ASSIGNMENT:
Every line below should come back exactly as written, though the pictures stay out.
── RECORDED DATA ──
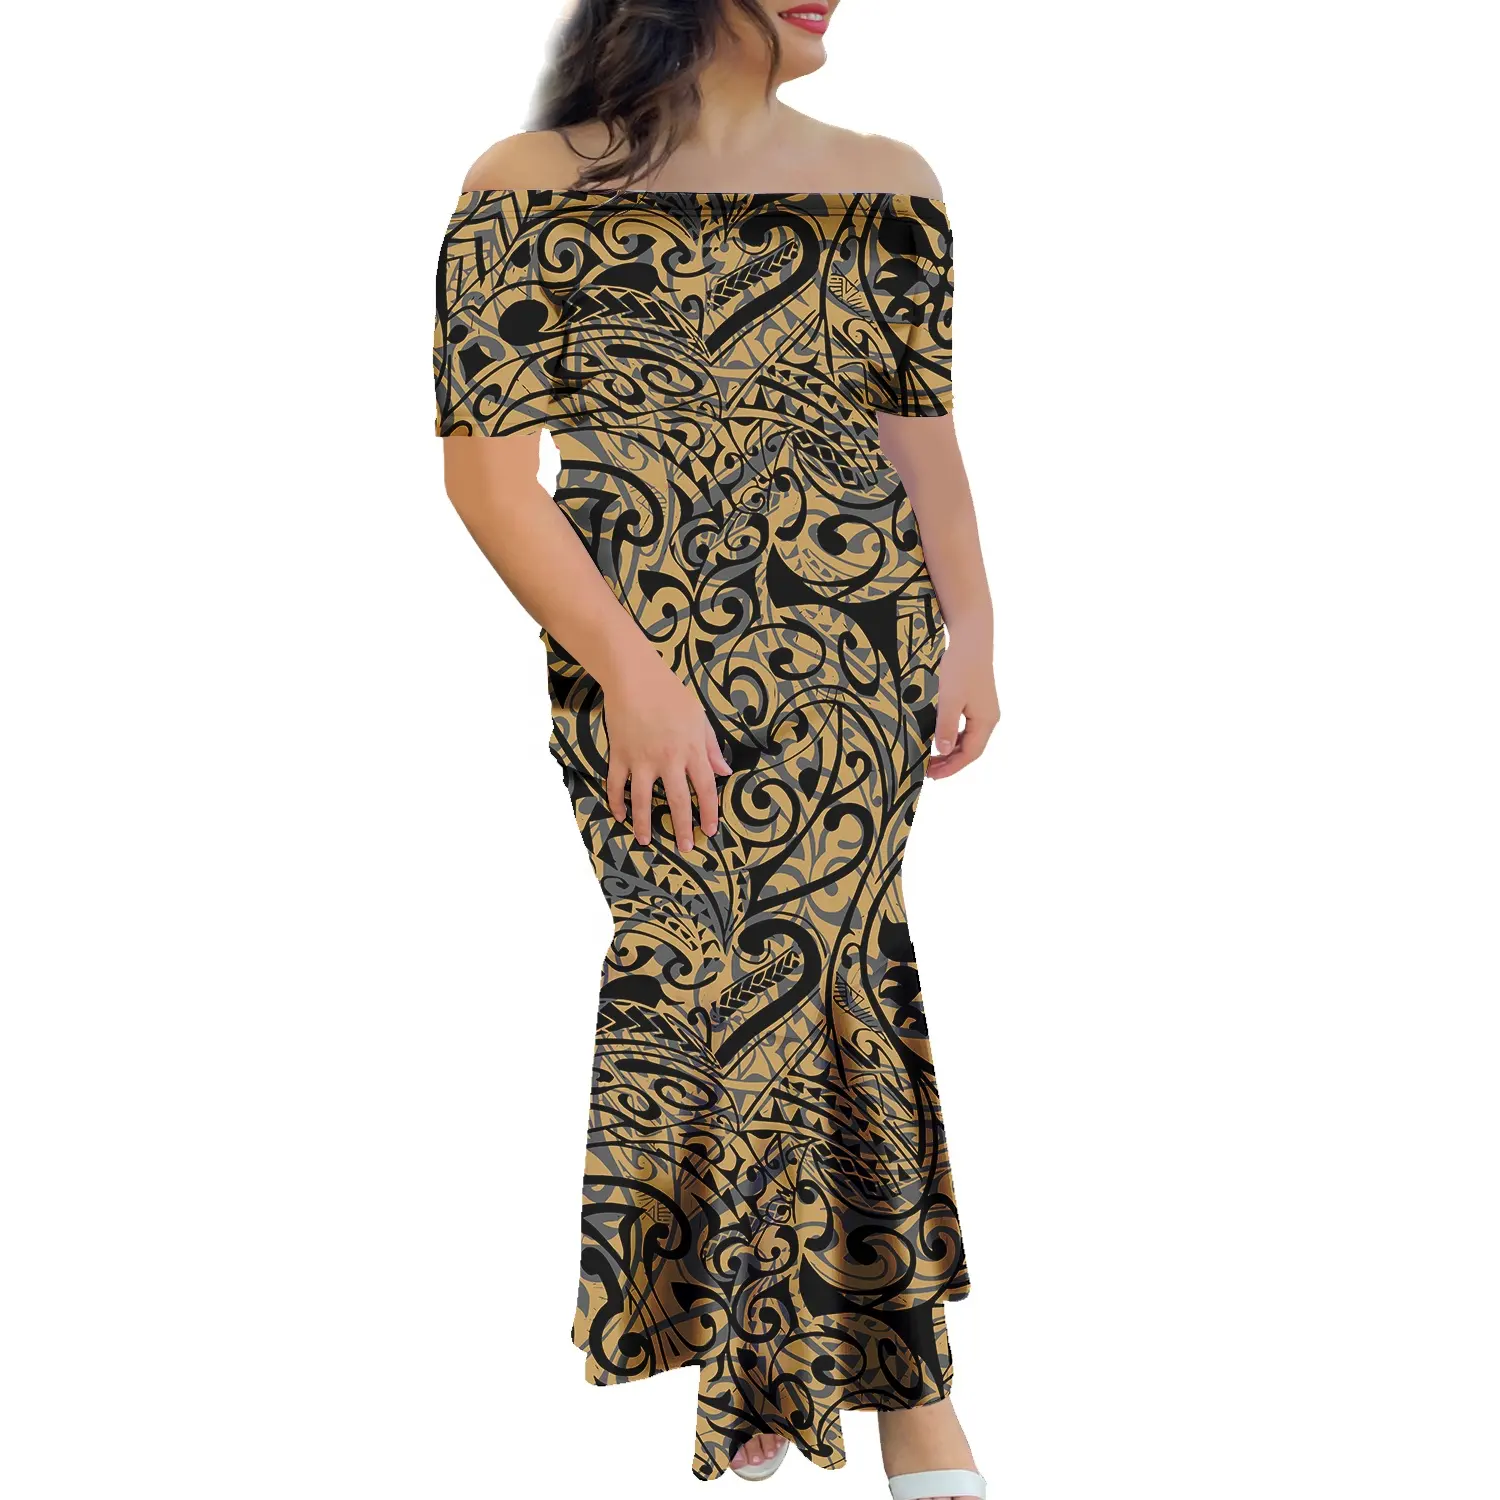 Prezzo all'ingrosso Samoan Tribe Lady Dresses Custom Hawaiian Flower polinesiano manica corta Plus Size donna abito lungo a sirena
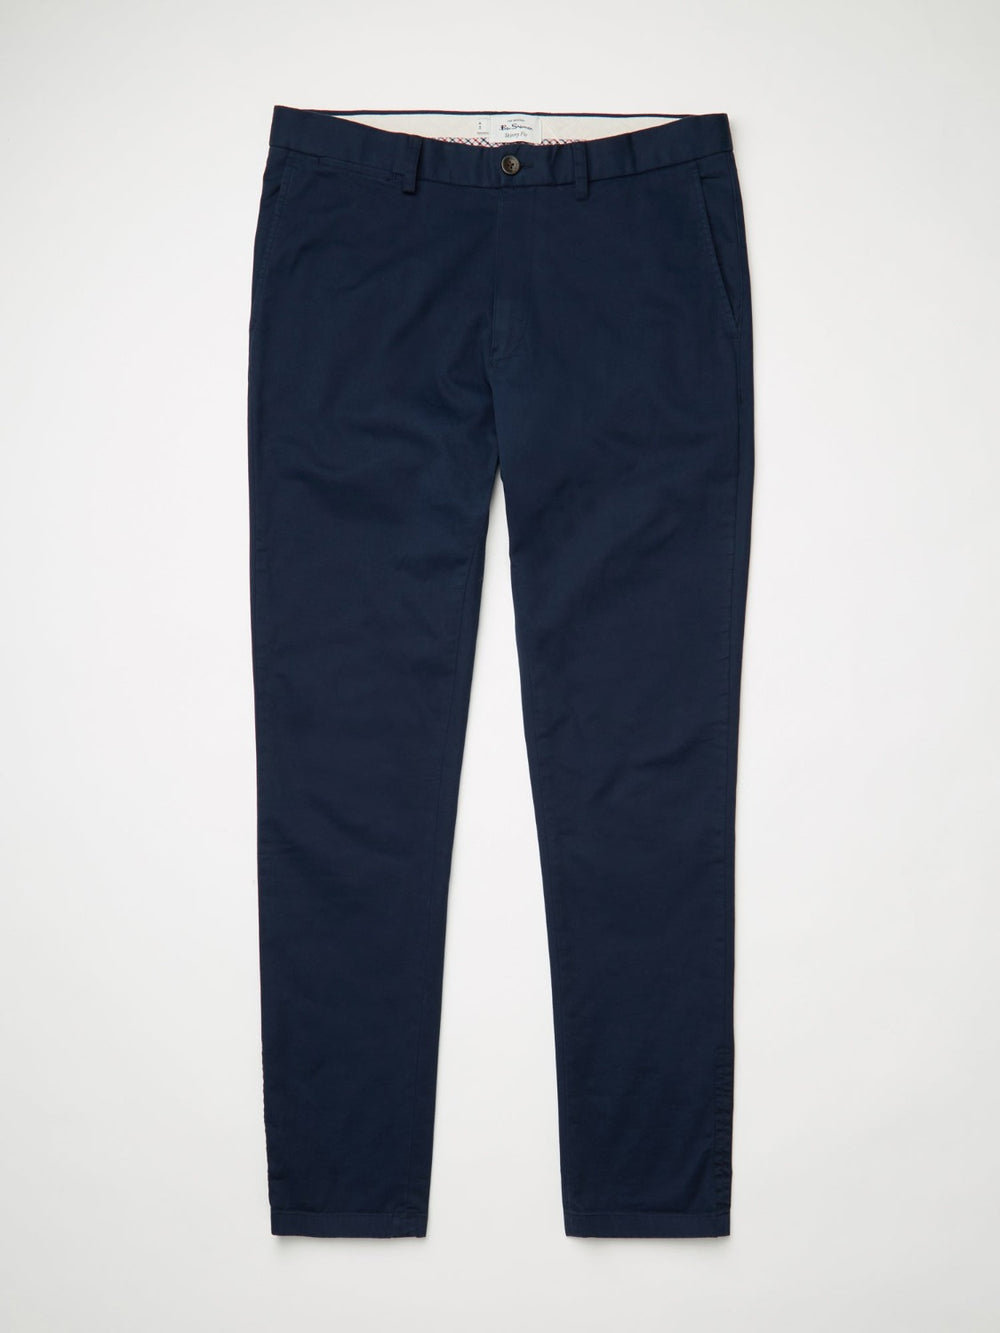 Men's Dark Blue Windowpane Plaid Slim Fit Suit Pants
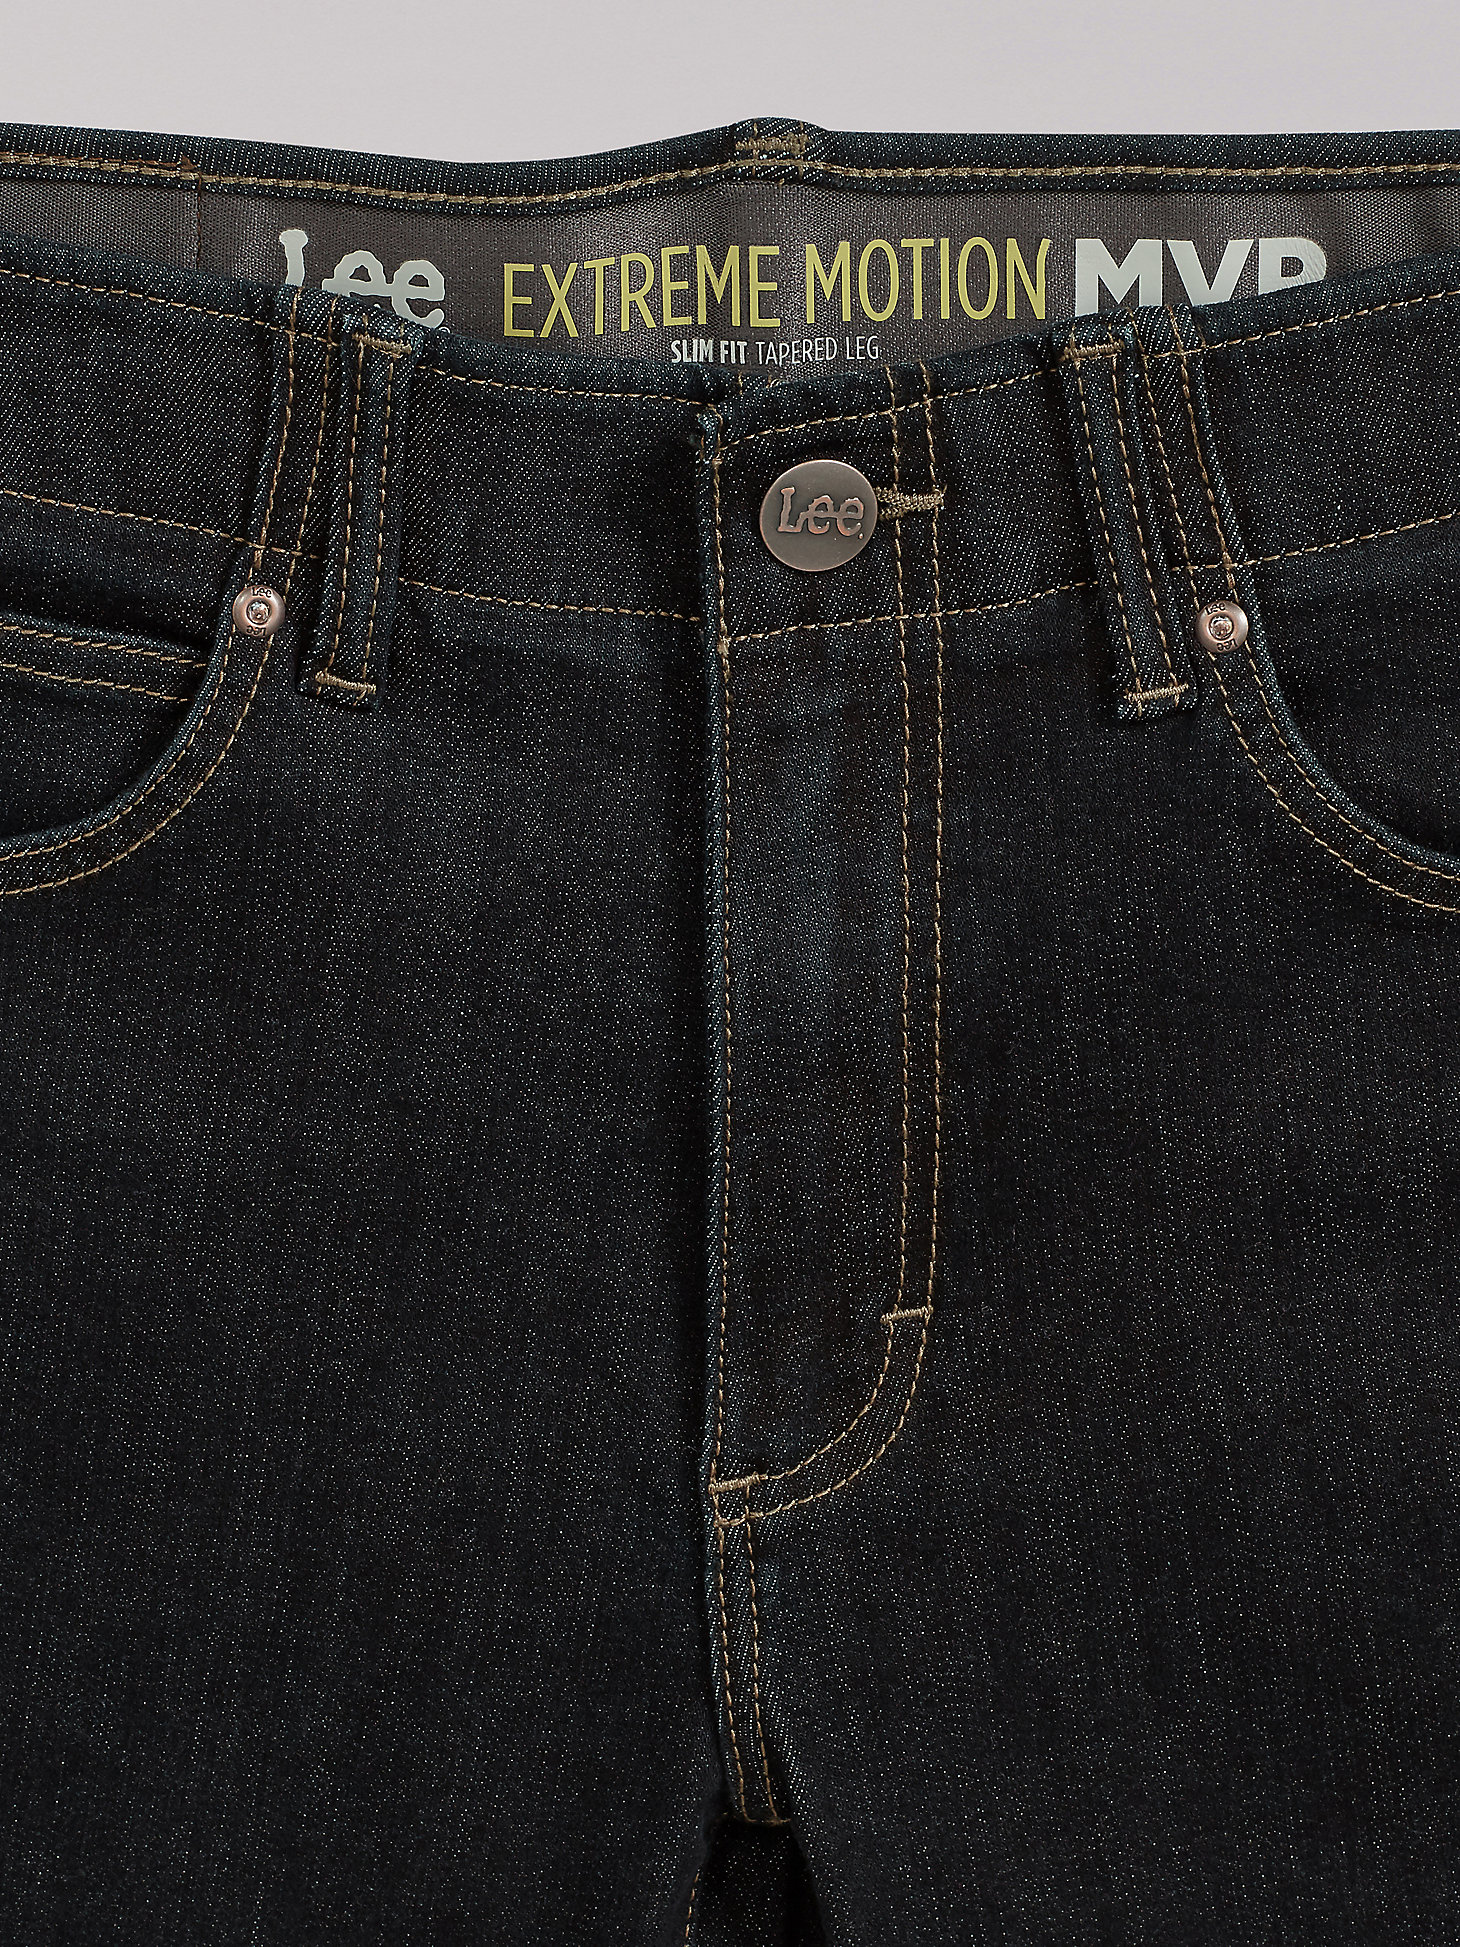 Men’s Extreme Motion MVP Slim Fit Tapered Jean in Rinse alternative view 7
───
ANSWER TO THIS EXERCISE:
 Prezzo all'ingrosso Samoan Tribe Lady Dresses Custom Hawaiian Flower polinesiano manica corta Plus Size donna abito lungo a sirena
 Men's Dark Blue Windowpane Plaid Slim Fit Suit Pants
 Men’s Extreme Motion MVP Slim Fit Tapered Jean in Rinse alternative view 7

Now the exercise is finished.